NAEA: demand and supply down, but more properties being sold for asking price

Demand was down month-on-month, with the number of prospective house-hunters falling by 16% in February, from 367 registered per branch, to 309. It was also down by 28% year-on-year, agents had 425 house-hunters registered per branch in February 2017. Supply fell in line with demand.

Some 74% of properties sold for less than asking price, with just 4% selling for more than asking price and the rate of properties which sold at asking price stood at 22 per cent – the highest level since June 2016, when 26 per cent of properties went for asking price.

However, the fact is that nearly 2/3 of all properties are still being sold for less than asking price, which indicates a continuing dysfunctionality in house pricing policy.

Asking prices hit record high in the UK for first time buyers

The average asking price of newly marketed properties in the UK increased by 1.5% or £4,503 during March meaning first time buyers on average face paying an all-time high price of £189,840 according to a recent Rightmove report.

Factor in another Bank of England base rate rise and the prospect becomes even less rosy for them, as examined above.

Buy to Let Property Hotspots – Liverpool riding high

Totally Money produced a list of the postcodes with the highest yields recorded for buy to let properties, based on a survey of 500,000 dwellings.

Liverpool took the top three spots and the top 10 postcodes are as follows:

PostcodeAreaAverage percentage rental yield
L7Liverpool12.63%
L6Liverpool10.57%
L15Liverpool10.29%
PL4Plymouth10.15%
TS1Cleveland10.06%
PR1Preston10.04%
DY5Dudley9.57%
NG1Nottingham8.91%
BD1Bradford8.84%
L1Kirkcaldy8.61%


Andrew Boast, SAM Conveyancing's CEO and Co-founder, said:

"There are more frequent media reports about the housing crisis from a variety of stakeholders, which is to be welcomed. However, as always, where the Government is concerned, talk is cheap. It's becoming increasingly hard to fathom why sales prices, despite these bottoming out, have not fallen further, although asking price data makes some sense of this.

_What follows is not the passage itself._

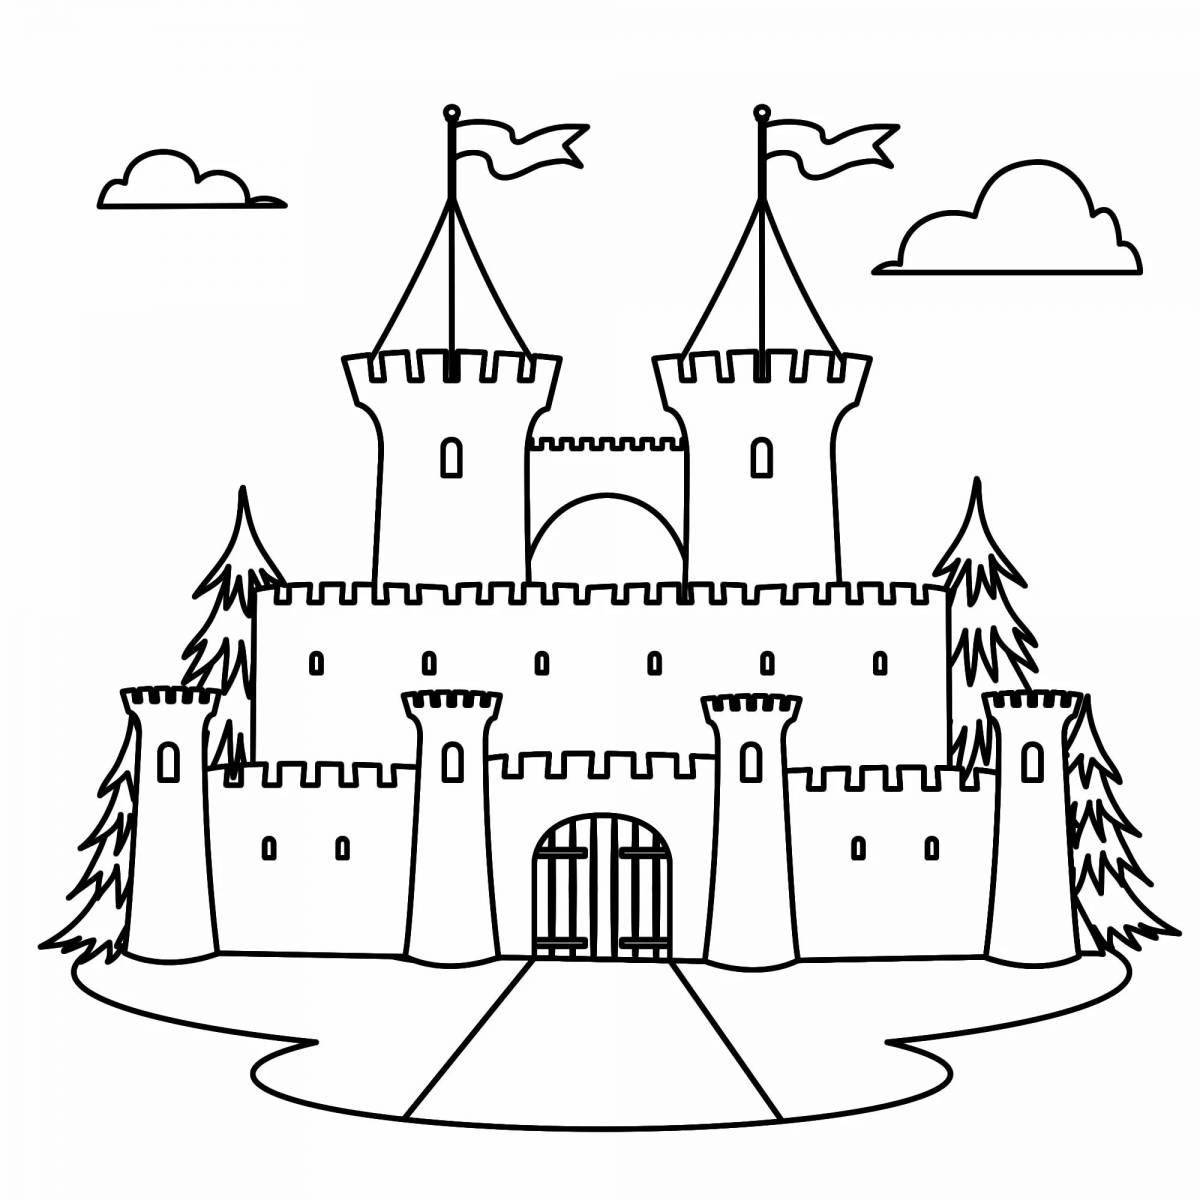 A grandiose coloring book for girls with houses and castles

"In many other markets, the phenomenon of goods generally being sold for three-quarters of the asking price, and consistently so, would raise eyebrows, and reflects the unworldliness of the current property market. It's difficult to be optimistic regarding any signs of rising first time buyer participation in the market, particularly in the face of a shrinking market overall. Housing market professionals can only hope that Mark Carney exercises extreme caution regarding the timing of any future rate rises because the housing market in particular is floundering."

* all figures quoted are the most recent from the Land Registry unless otherwise stated.